Adventures in the bedroom by Bob Brown

It started out simple enough, my wife handed me the phone saying “Here’s the old guy.”  My young friend Ray on the other end, in his early forties wanted to know, how I became _the old guy_.  I had to pause, not being really sure how to answer that.

“I don’t know… maybe because we have been together for 40 years.  Maybe it’s because we have grandkids.  Maybe it’s because we both have gray hair and can remember what it was like to be young, and not have gray hair.”  We drifted off on to the original intent of his call. 

That night while getting ready for bed, my wife and I talked about it... about trying something new.  

While staring at the bed we both felt some measure of hesitation.  Like any couple that has been together for a long time, things have gotten kind of routine.  The things that happened in that bed have always been pretty much the same for a long time. Long gone are the days of experimenting and trying new stuff.  

She was all for it, I am ashamed to say that I was reluctant.

We stood by the bed talking about how it might take some getting used to.  It was bound to be awkward, and it would mean we would both be stepping out of our comfort zones. 

 Ray’s question came back to me, “How did you become the old guy?”

“What the hell… Let’s try it!” I said as if I was going off on some adventure.

Deep down I was hesitant, at the same time I was looking forward to something different. 

We got into bed, our eyes locked for tender moment just like in the old days.

It seemed awkward, it seemed un-natural.  Somehow we did not quite fit together.

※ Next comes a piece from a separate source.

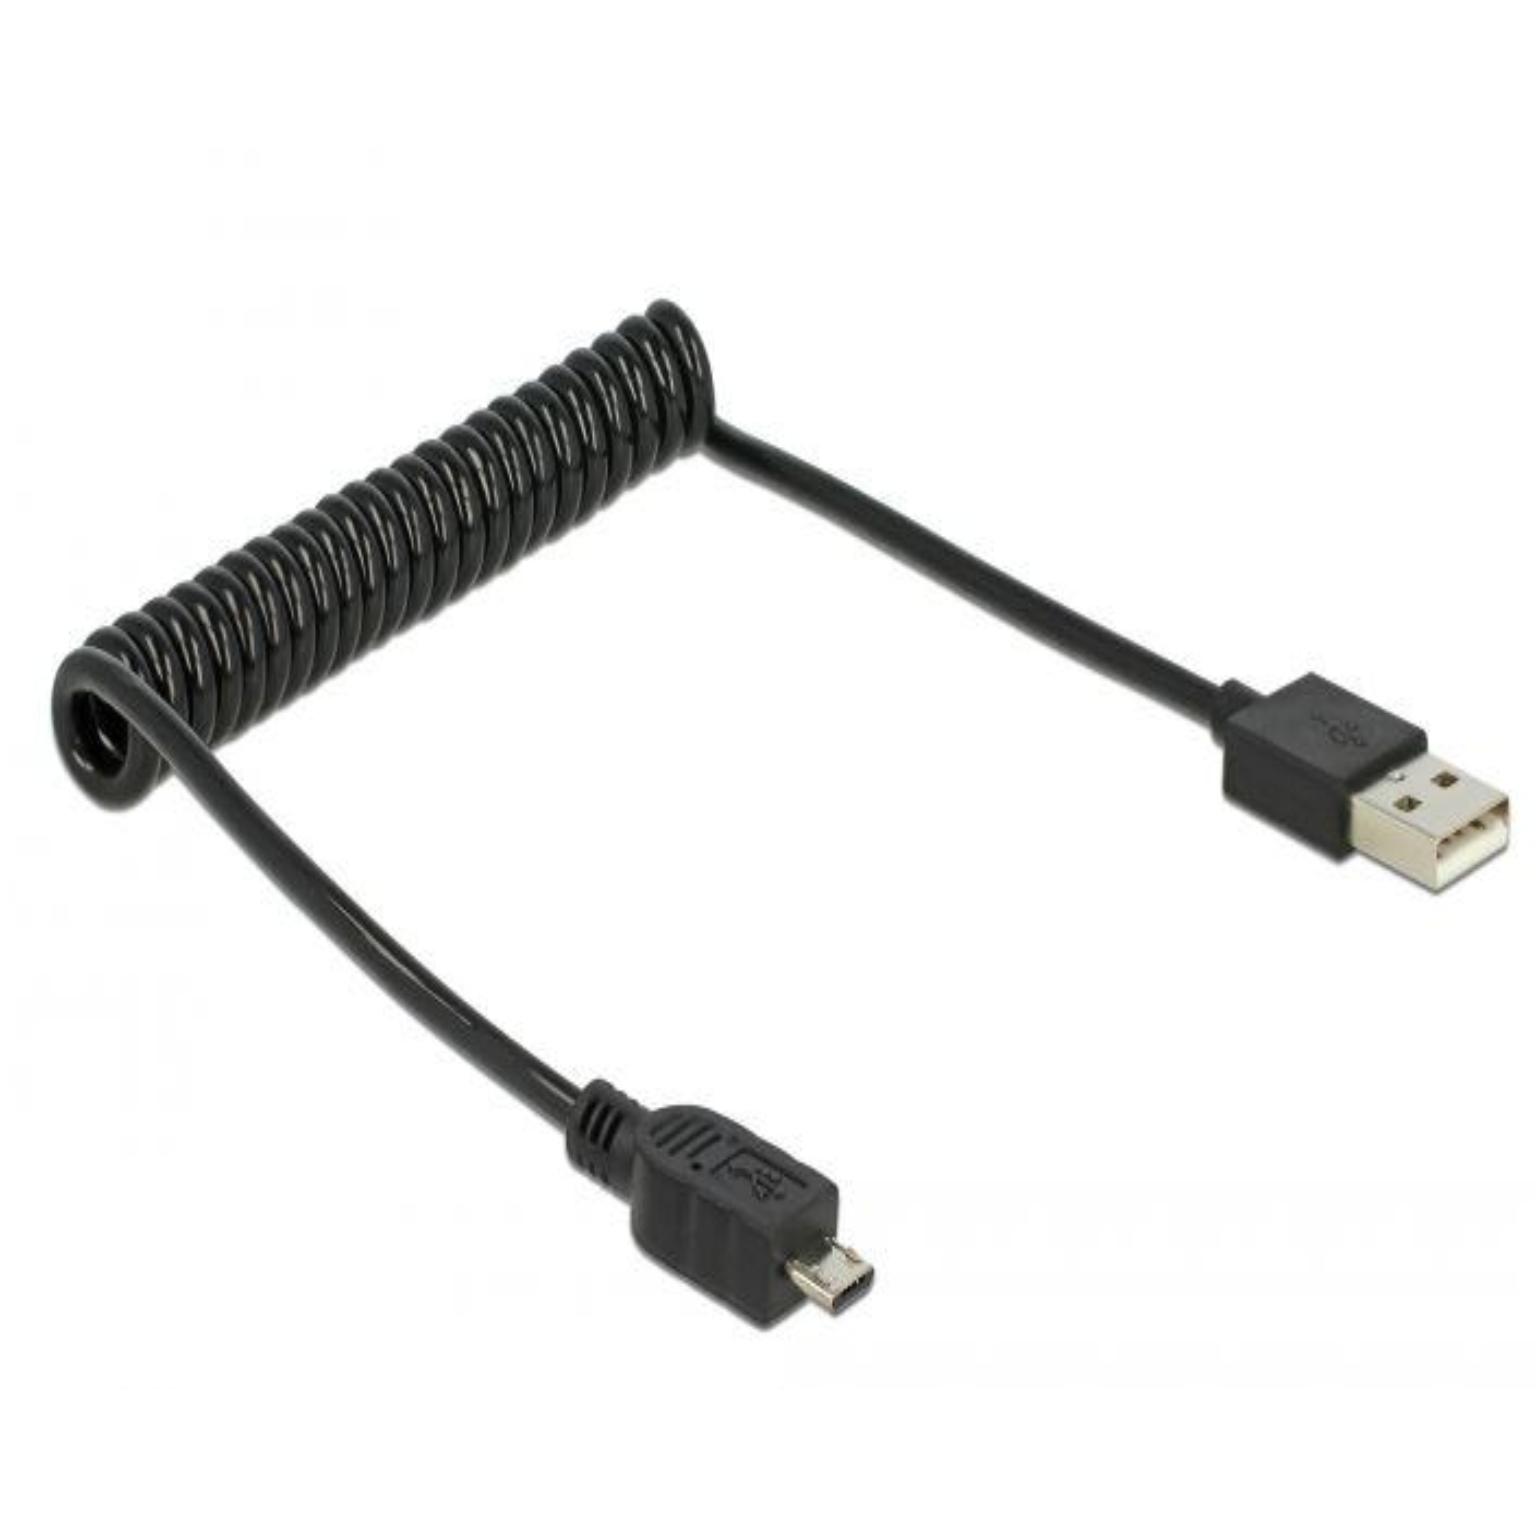 USB Micro B datakabel - 0.3 meter - Delock

I guess it’s not always like the movies, they make it seem so easy and natural.  Two strangers just hop in the sack together and never once discuss this. 

Linda twisted and turned, she said I was on her hair.  


This seemed overly complicated for a woman who used to be a gymnast… but it was her idea. 

Without going into details I can only say that we tossed, we turned, we groaned.  It was I imagine, just like sleeping with someone else, it felt very different. 

In the morning we both agreed, we would never try_ that_ again. 

Tonight we are both sleeping on our “_own_” side of the bed.  For thirty eight years she has had the right side of the bed and I had the left.  Maybe I am old, maybe Linda is old. 

 I still have this nagging thought.  How is it that when you see a couple in the movies just hop into bed together, how come they never argue over who sleeps on which side?


----------



## Wandering Man (Dec 4, 2015)

Sweet, clever.  I like the relationship between the two.

I have nothing more constructive to add.


----------



## dither (Dec 5, 2015)

Interesting thoughts pw.
Does that stuff really matter at our age?
There was a mention in my newspaper last week about a survey which suggested that a fair percentage of men in their seventies are sexually active.
Damn liars i say.
Who needs it?

PS,
 And  with regard to "how come they never argue over who sleeps on which side?"
Or who gets the wet patch. 
	

	
	
		
		

		
			





Happy days.


----------



## Reichelina (Apr 3, 2016)

Plasticweld said:


> I still have this nagging thought.  How is it that when you see a couple in the movies just hop into bed together, how come they never argue over who sleeps on which side?



I guess because those people in the movies only get to sleep on that bed ONCE. I_t ain't real dude. No it aint!_

Thanks for sharing that! I feel so young. HAHA.


----------



## escorial (Apr 3, 2016)

such a nice read..calm writing


----------